Given material:
■ ■ ■ ■
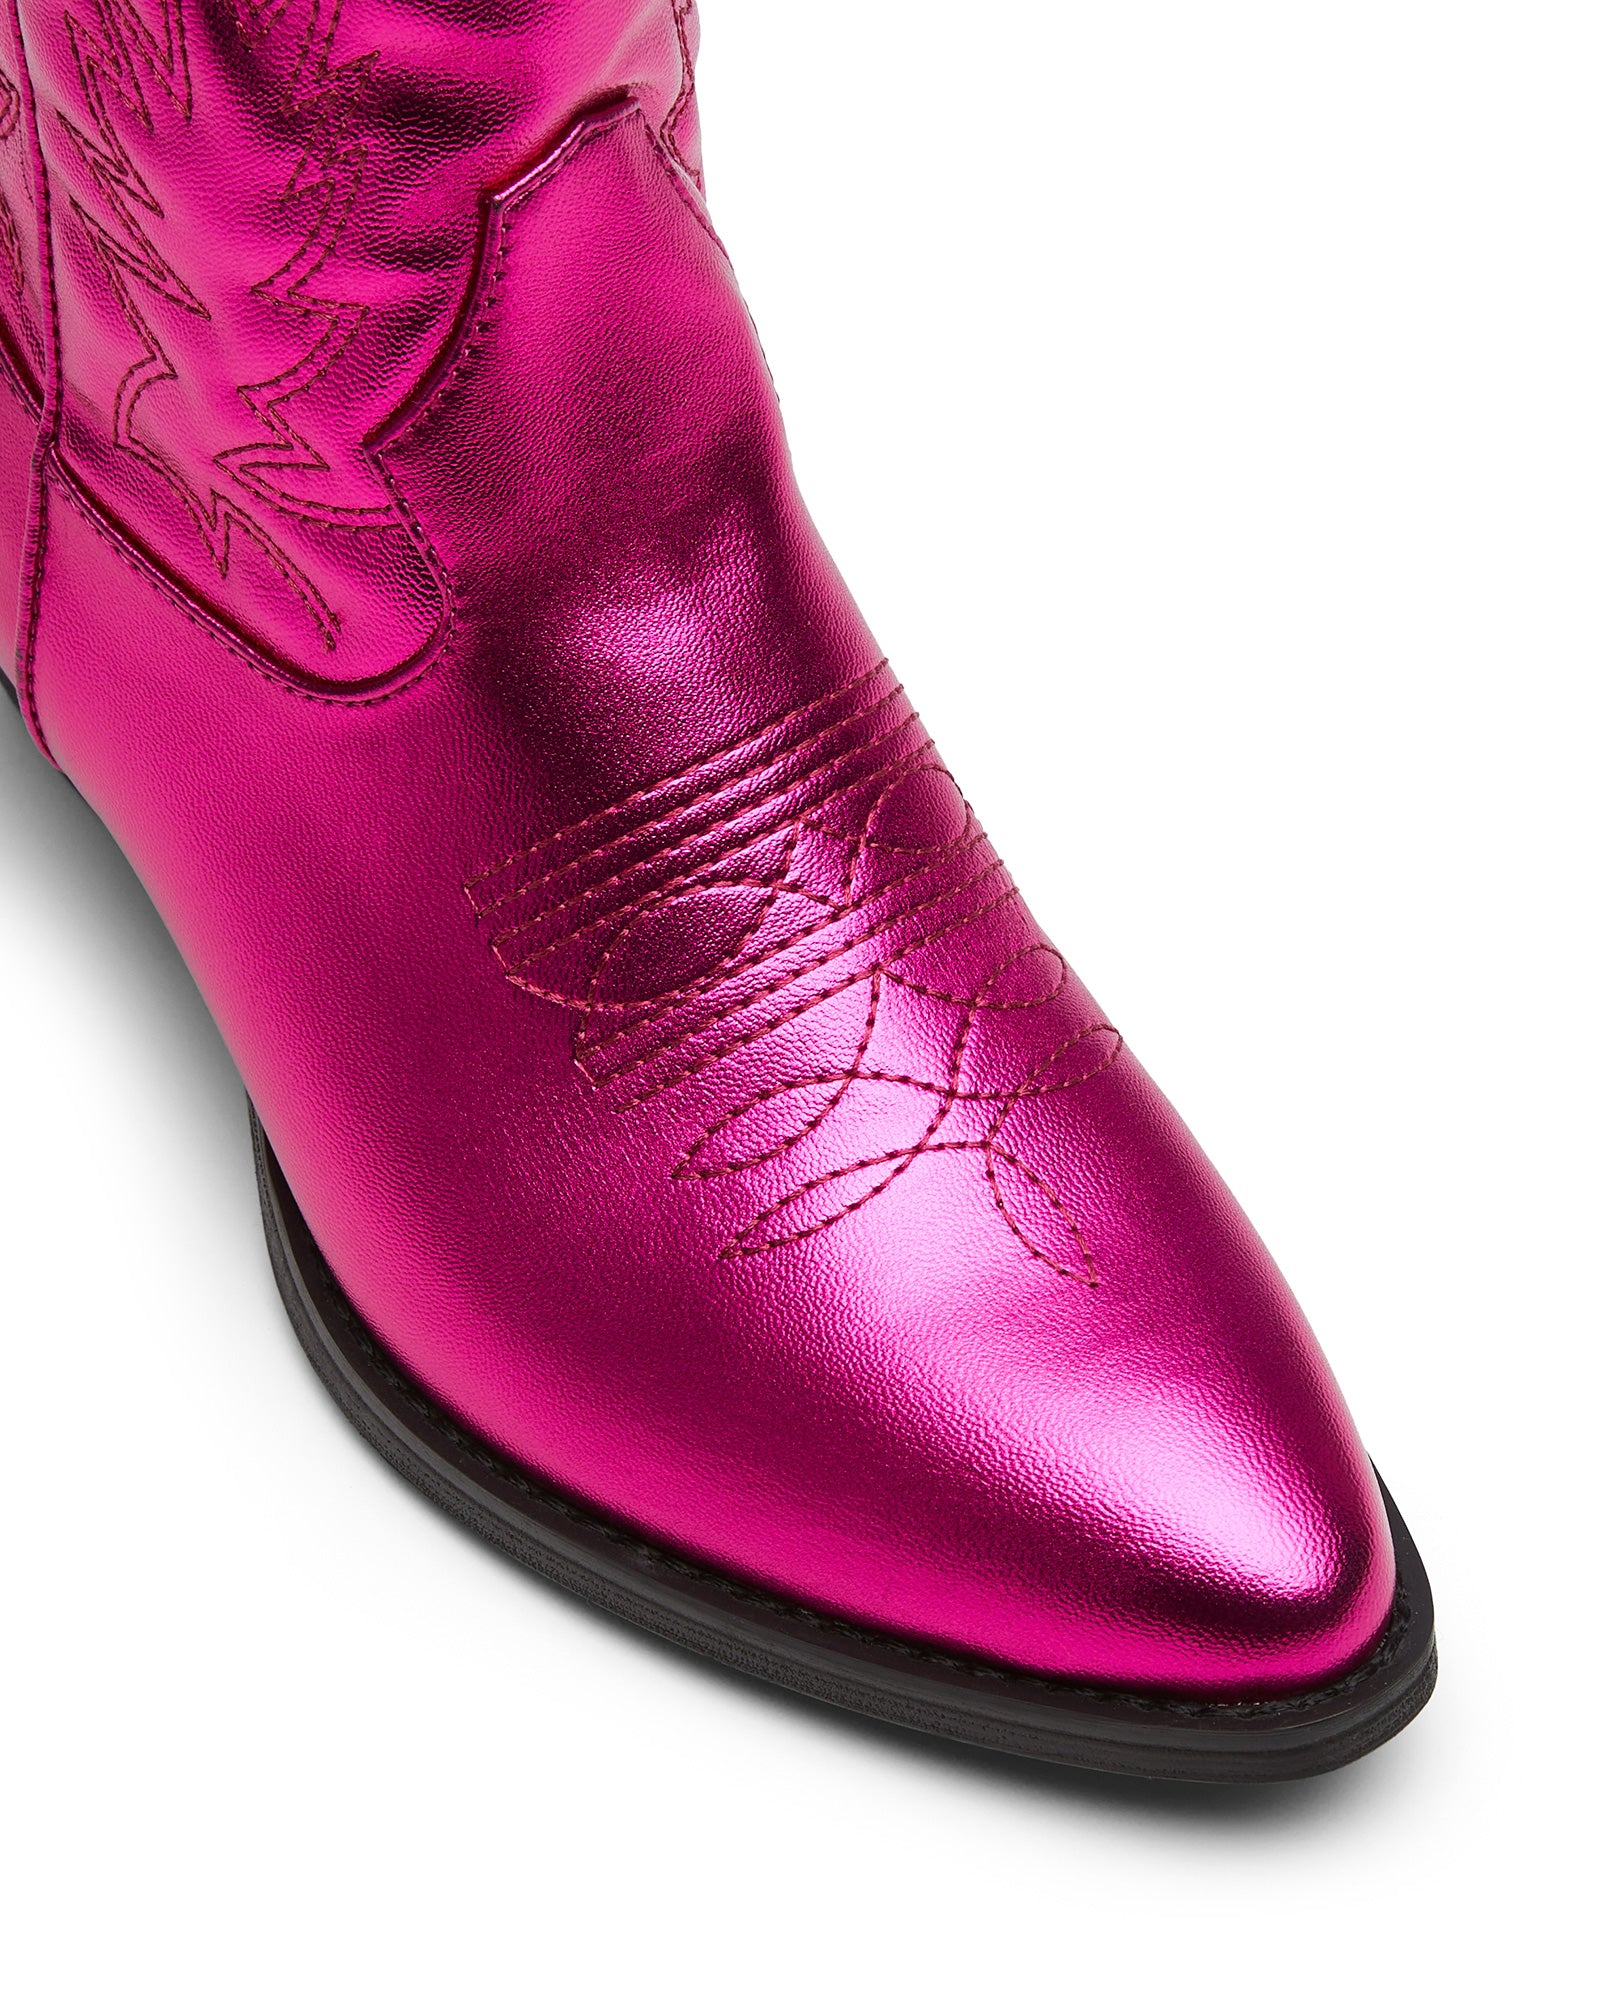 Therapy Shoes Wilder Metallic Pink | Women's Boots | Western | Cowboy | Short
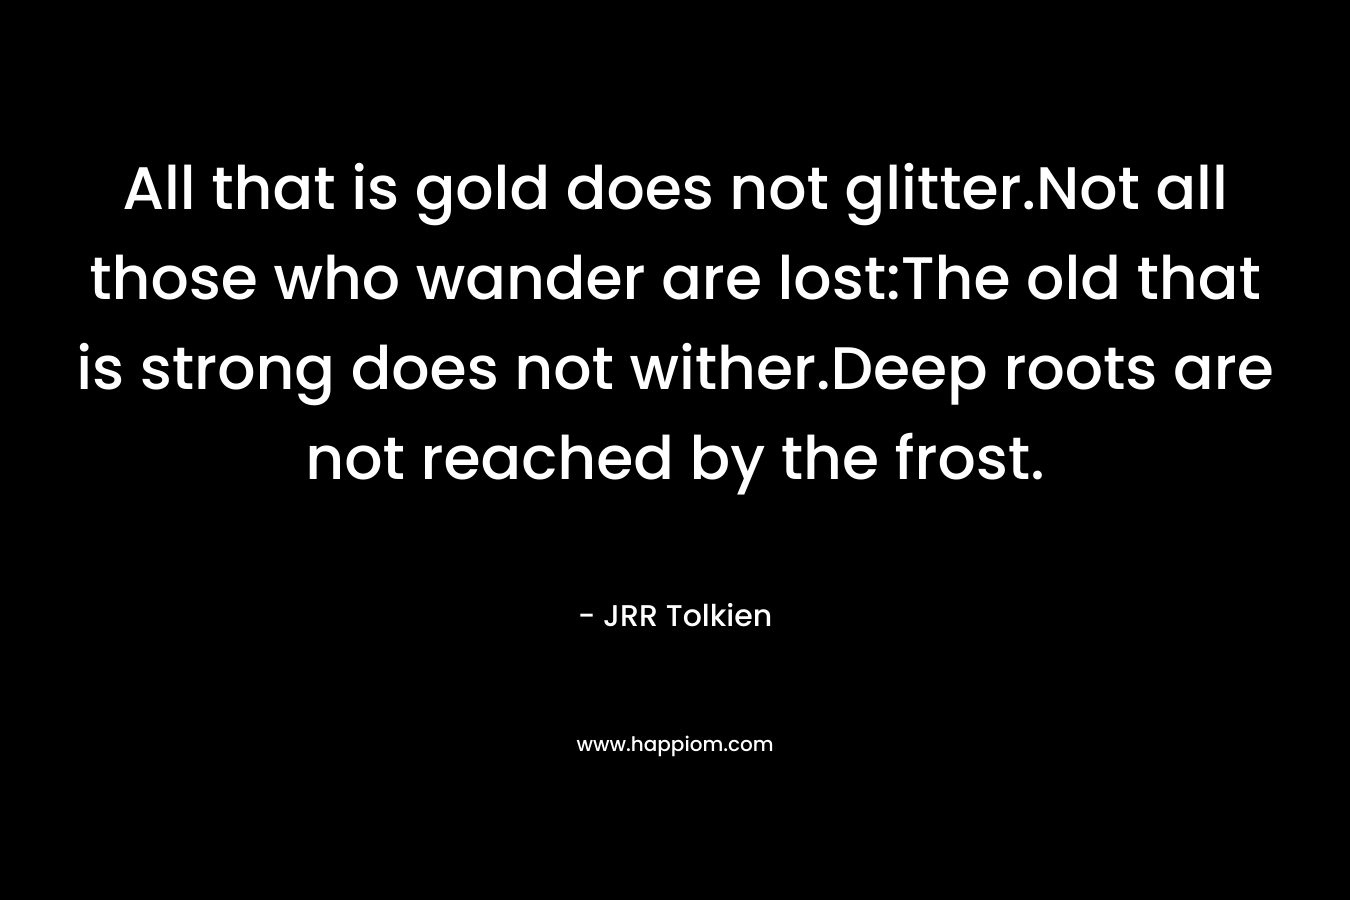 All that is gold does not glitter.Not all those who wander are lost:The old that is strong does not wither.Deep roots are not reached by the frost. – JRR Tolkien
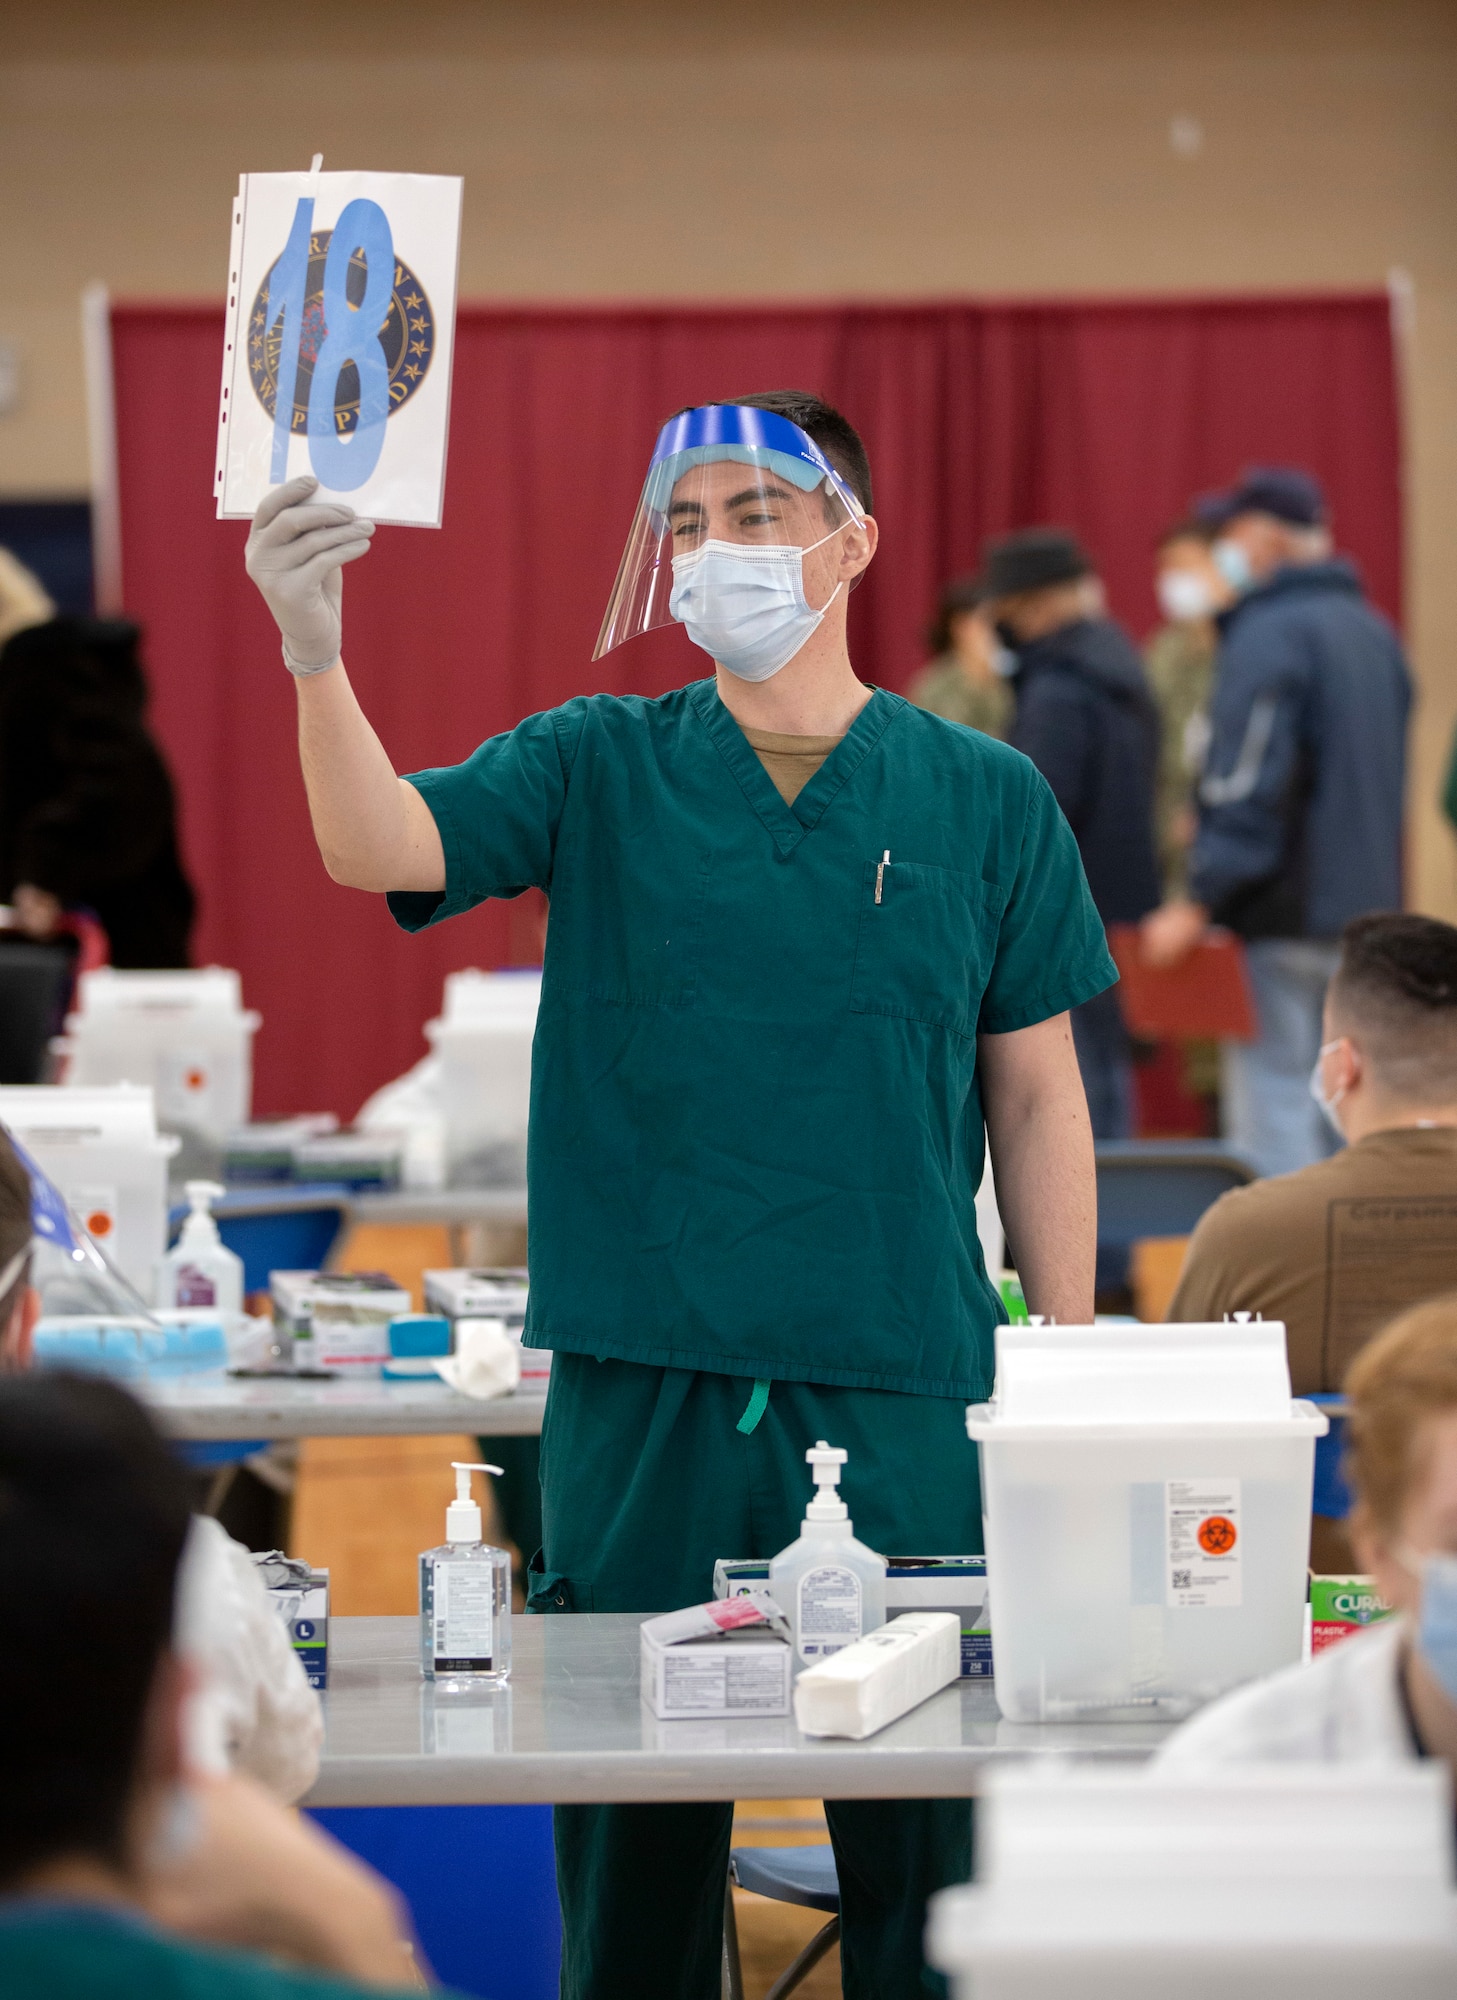 Hospital Corpsman 3rd Class Charles Cambern holds up a numbered sign as patients circle through to receive the COVID-19 vaccine as part of Operation Warp Speed at Walter Reed National Military Medical Center.
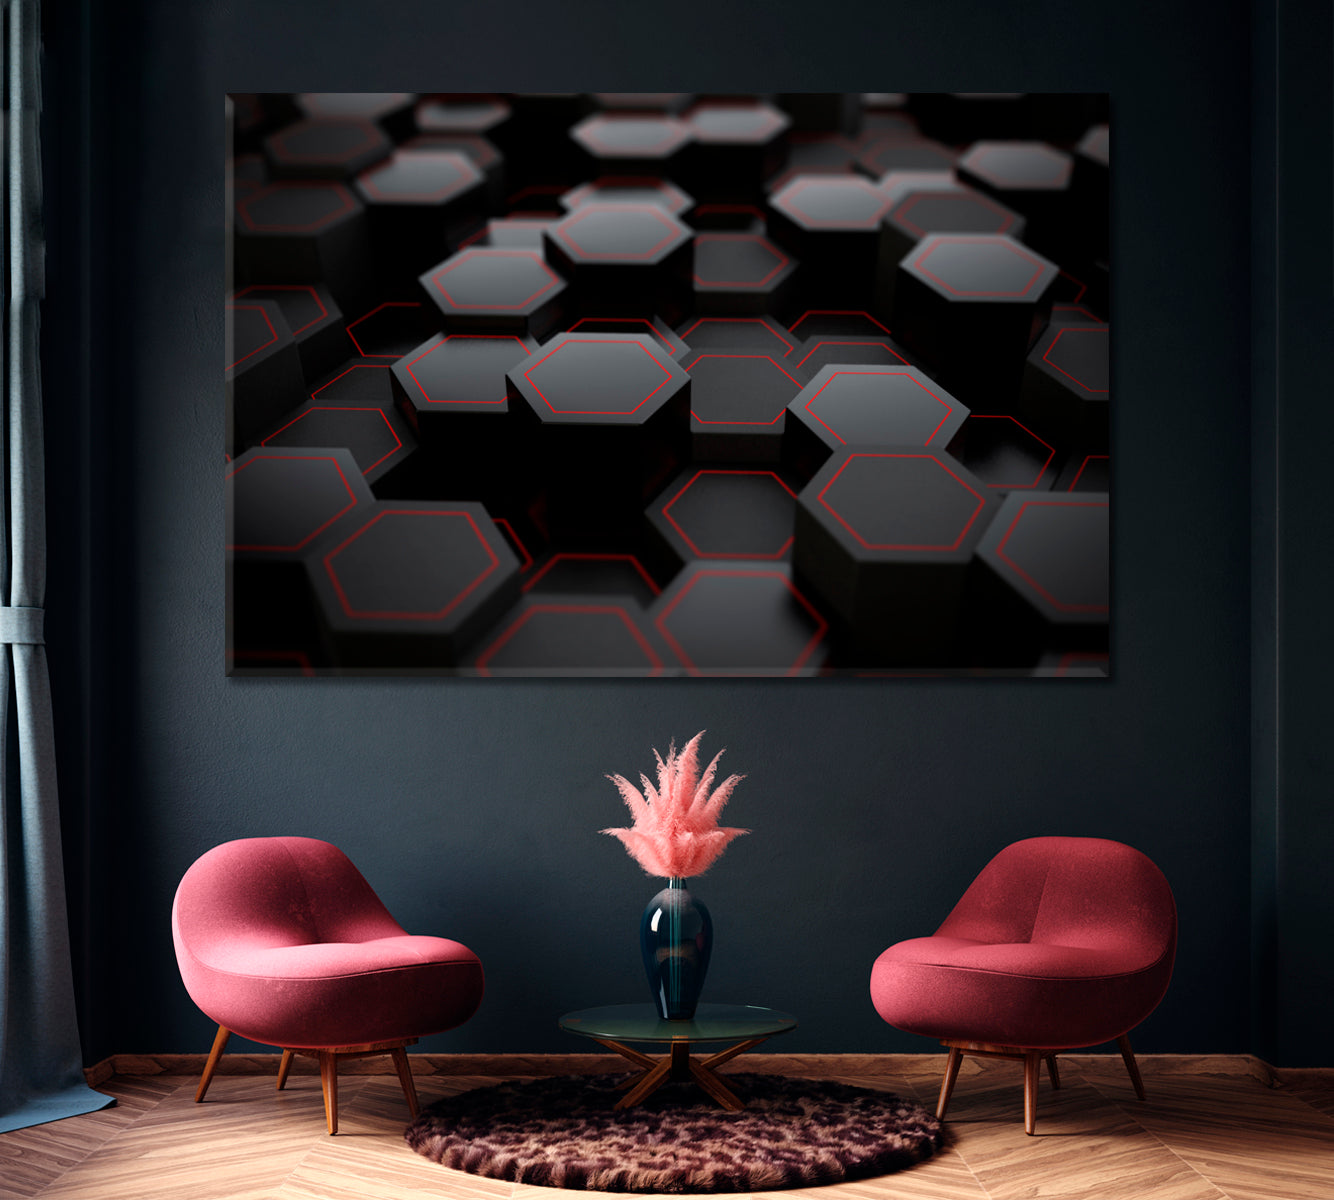 Abstract Black Hexagons Canvas Print ArtLexy 1 Panel 24"x16" inches
■ ■ ■ ■
The task: Apart from the pictures, the whole listing should be reproduced exactly.

Answer space:
 Therapy Shoes Wilder Metallic Pink | Women's Boots | Western | Cowboy | Short
 All that is gold does not glitter.Not all those who wander are lost:The old that is strong does not wither.Deep roots are not reached by the frost. – JRR Tolkien
 Hospital Corpsman 3rd Class Charles Cambern holds up a numbered sign as patients circle through to receive the COVID-19 vaccine as part of Operation Warp Speed at Walter Reed National Military Medical Center.
 Abstract Black Hexagons Canvas Print ArtLexy 1 Panel 24"x16" inches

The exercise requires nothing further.